All the numbers and math of buying insurance can make your head spin a bit, but take your time and look at your options. Insurance carriers count on confusion and policy misuse in order to make money, don’t let yourself be on that side of the pool!
What Is A Deductible?
The deductible in an insurance policy is there so that the insurance company is not exposed to the risk of paying every little trivial claim that an insured person might incur, at least until the insured has paid out of pocket for a bit. That makes the insured think twice about rushing to the doctor’s office over everything, and helps control costs for the insurance company.
The cost of any insurance plan is going to be heavily influenced by the level of the deductible. The more exposure the insurance company has (i.e. the lower the deductible) the higher the price for the policy.
High Deductible Health Plans
HDHPs come with a slightly different set of rules by law, but the major difference in them is their (you guessed it) high deductibles. You can buy policies with deductibles in the range of $5,000 or more, and these policies are going to cost well below a policy with a $1,000 deductible. The insurance company is exposed to less risk, so that makes sense, right?
Some HDHP policies will pay 100% of the charges after the deductible is paid, too, so even though the policy is priced much less than a low deductible, the buyer can also save money on large, expensive operations that would normally cost them a percentage above the deductible in a PPO plan. For example, a PPO may be set up so that the insured has to pay 20% of the costs above the deductible (i.e. $2000 for a $10,000 bill) but the HDHP plan would be 100% paid after the initial deductible is met, so no unexpected costs to the insured.
How This Makes Sense – Insure Yourself!
If you are a person living paycheck to paycheck, with no thought towards tomorrow, then an HDHP might be a scary proposition. Thousands of dollars more risk to save a few hundred dollars a month? No way!
But think about it, all it would take for you to reap the benefits of the HDHP would be for you to save up the amount of the deductible (to absorb the risk of the major occurrences from hurting you) and save the hundreds per month that you save on your insurance plan!
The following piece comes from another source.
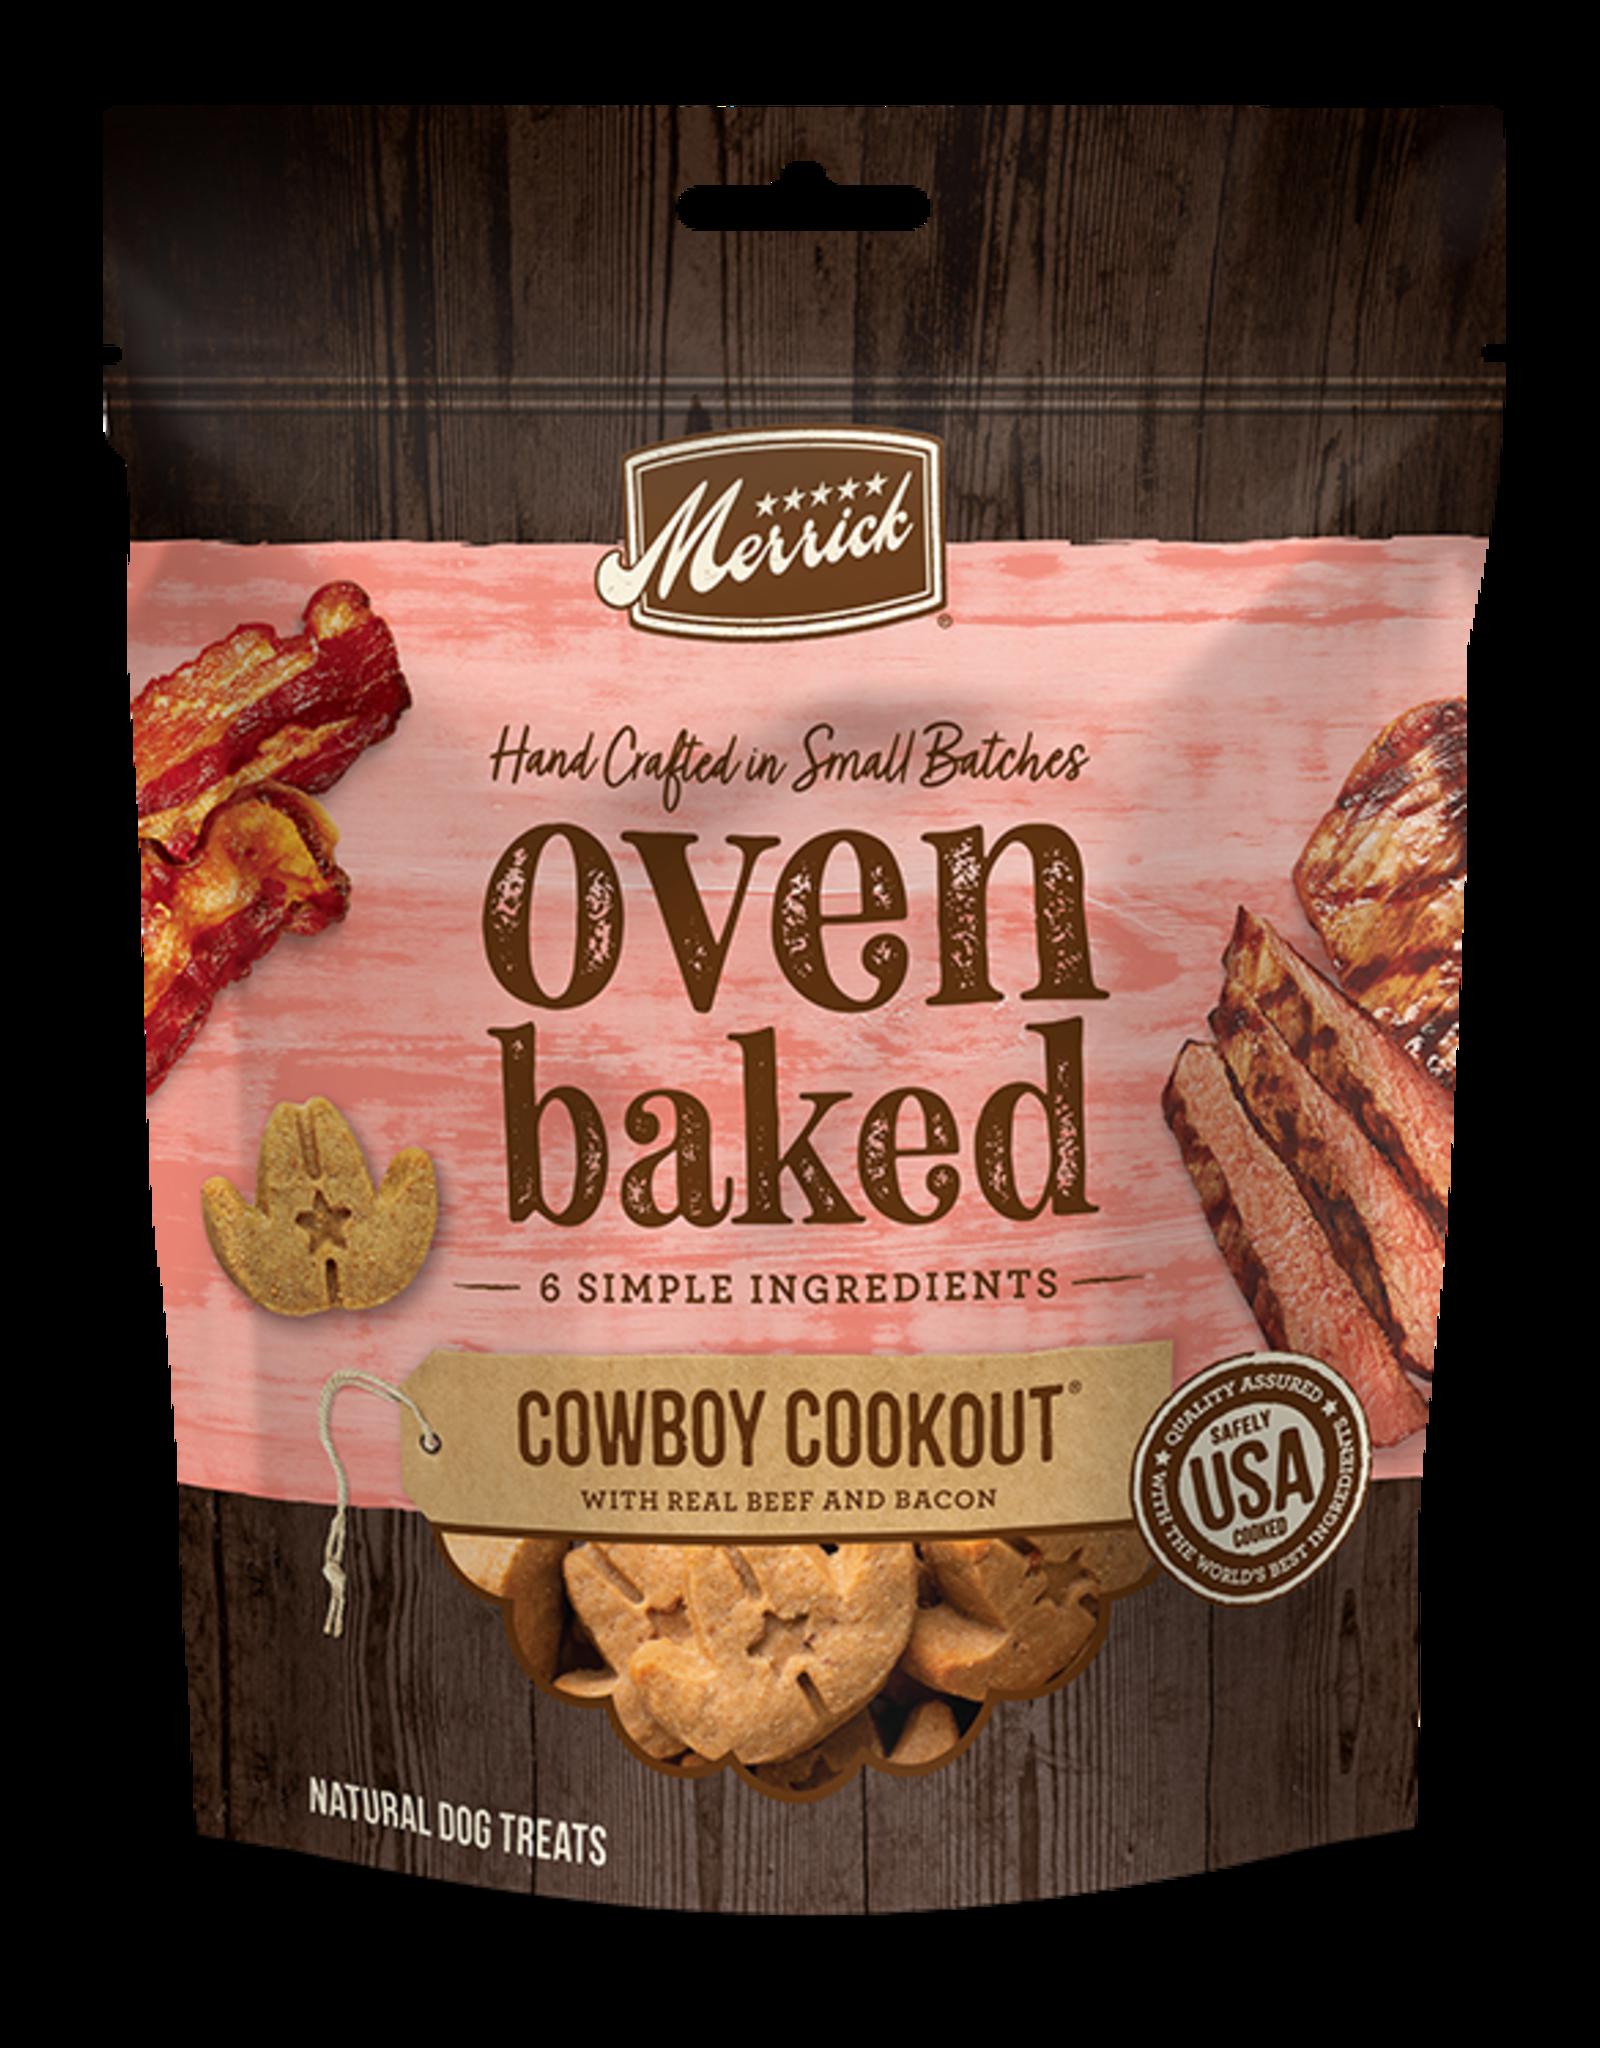 Merrick Oven Baked Cowboy Cookout Treats

You maintain an insurance policy for the big events and insure yourself for the rest.
Turns out that for some reason you don’t need that money a few years down the road? Well, since you haven’t paid it all to the insurance company, it’s still in the bank waiting for you. You have reaped the rewards of becoming your own insurance provider.
Insurance is important to have, but make sure you’re exploring all your options and choosing the right plan for yourself and your loved ones!